The women of the shore did not go outside except to hang their washing, go to mass, or get groceries. So they did not see the wildflowers Marianne saw. New wildflowers appeared all spring and summer long, until by August there were wild roses, yellow wild peas, blue wild peas, forget-me-nots, chuckley pear flowers, and, in Marianne's garden, her favourite flower, sweet william. Could Mrs. Halloran really mean to sell the grass and all its little wildflowers off her dead husband's meadow?

“I might go over after we're finished this,” Marianne said, “and pick some of the sorrel on Leonard's meadow, if you don't mind.”

“Sorrel?”

“It's a wild plant. The leaves are pointy with two spurs. I put it in soup. It adds a sour taste.” Putting wild plants in food was something Marianne knew set her apart as a bit of a wing nut in the cove. But she'd been looking at the sorrel and thinking how it had grown, and now if someone was going to somehow take away the grass …

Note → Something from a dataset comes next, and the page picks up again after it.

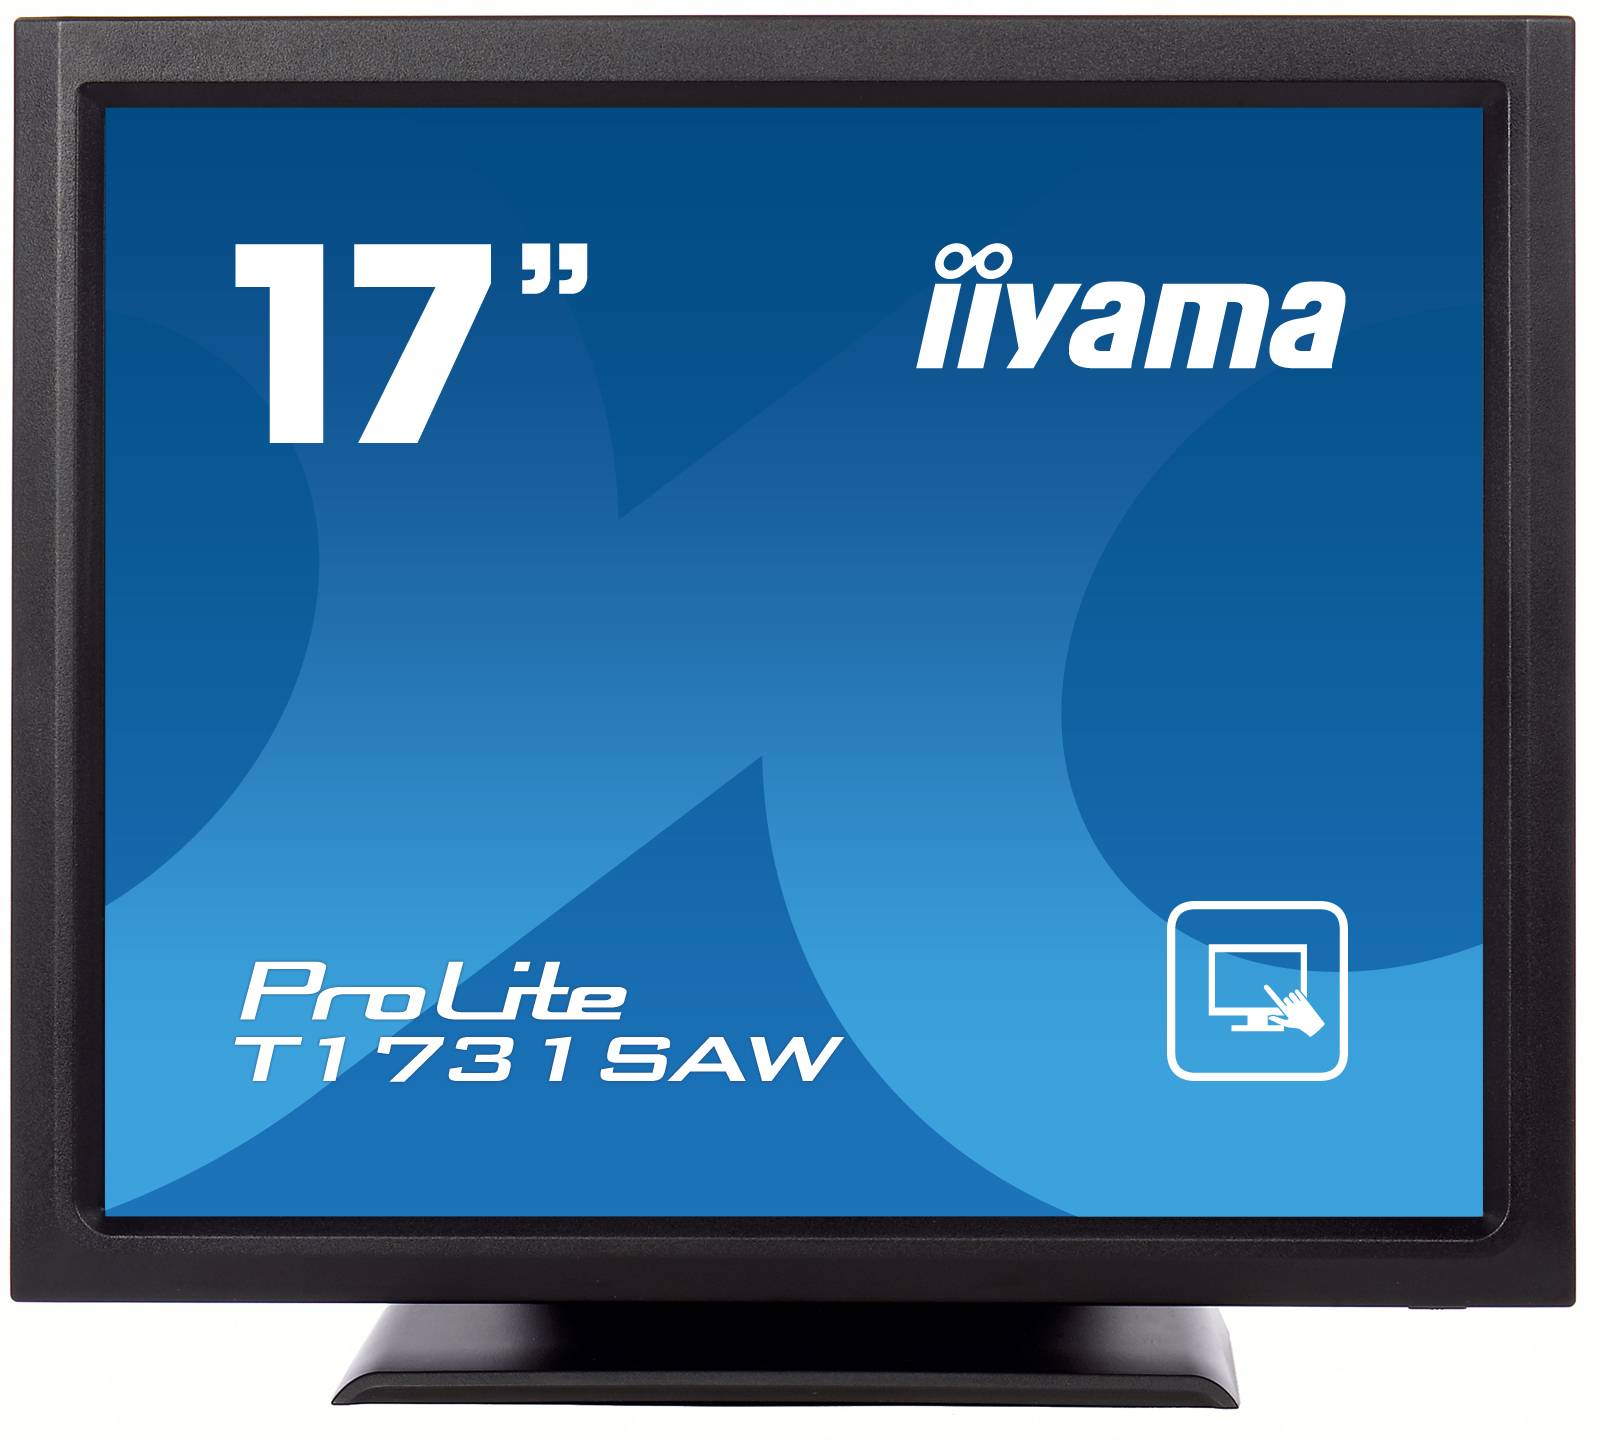 Rca Informatique - Image du produit : 17IN LCD 1280X1024 16:9 1000:1 5MS RS232 AND USB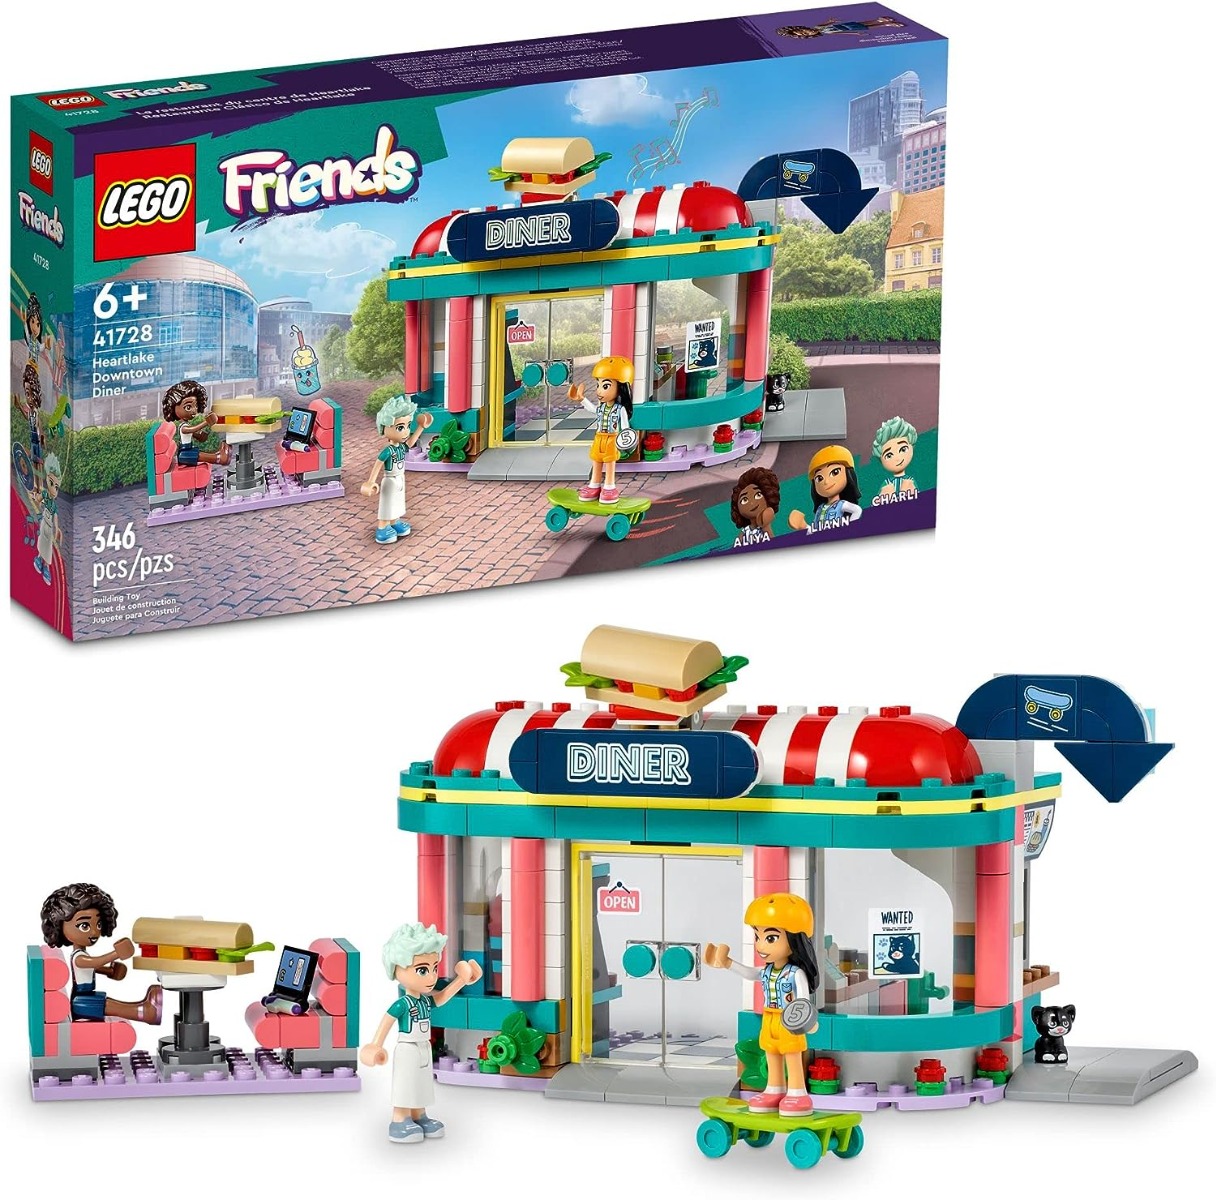 LEGO 41728 Friends - Heartlake Downtown Diner Building Toy (346 pcs)

“Sour? Them tall ones with the heads you can rub apart like red powder?”

“Yes.”

“Sallysuckers, we called them, when we were young. We didn't put them in any soup though. We ate them out of our hands. Hungry, we'd devour anything. We were never in the house in those days, even when we were older, fifteen, sixteen, seventeen. Even for awhile after we all got married. I don't know what happened to us.”

“You and Mary and Margaret?”

“Outdoors all the time, yes. Myself and Mary and Marg. With our bamboo fishing poles. We'd go to Spur Cove Pond and we'd get the biggest kind of trout. One summer Mary and Marg were both pregnant. I used to have to climb up in the trees to fetch their hooks. We were different then. We're all big now. Skinny? How skinny were we, especially Mary, and you know how big she is now. I brought a baking powder cake one day, a great big one, and Mary sat by the pond and ate that whole cake. I didn't want any. But she could eat the works. My what a laugh we'd have then, the three of us in at that pond, with me crawling around up in the trees.”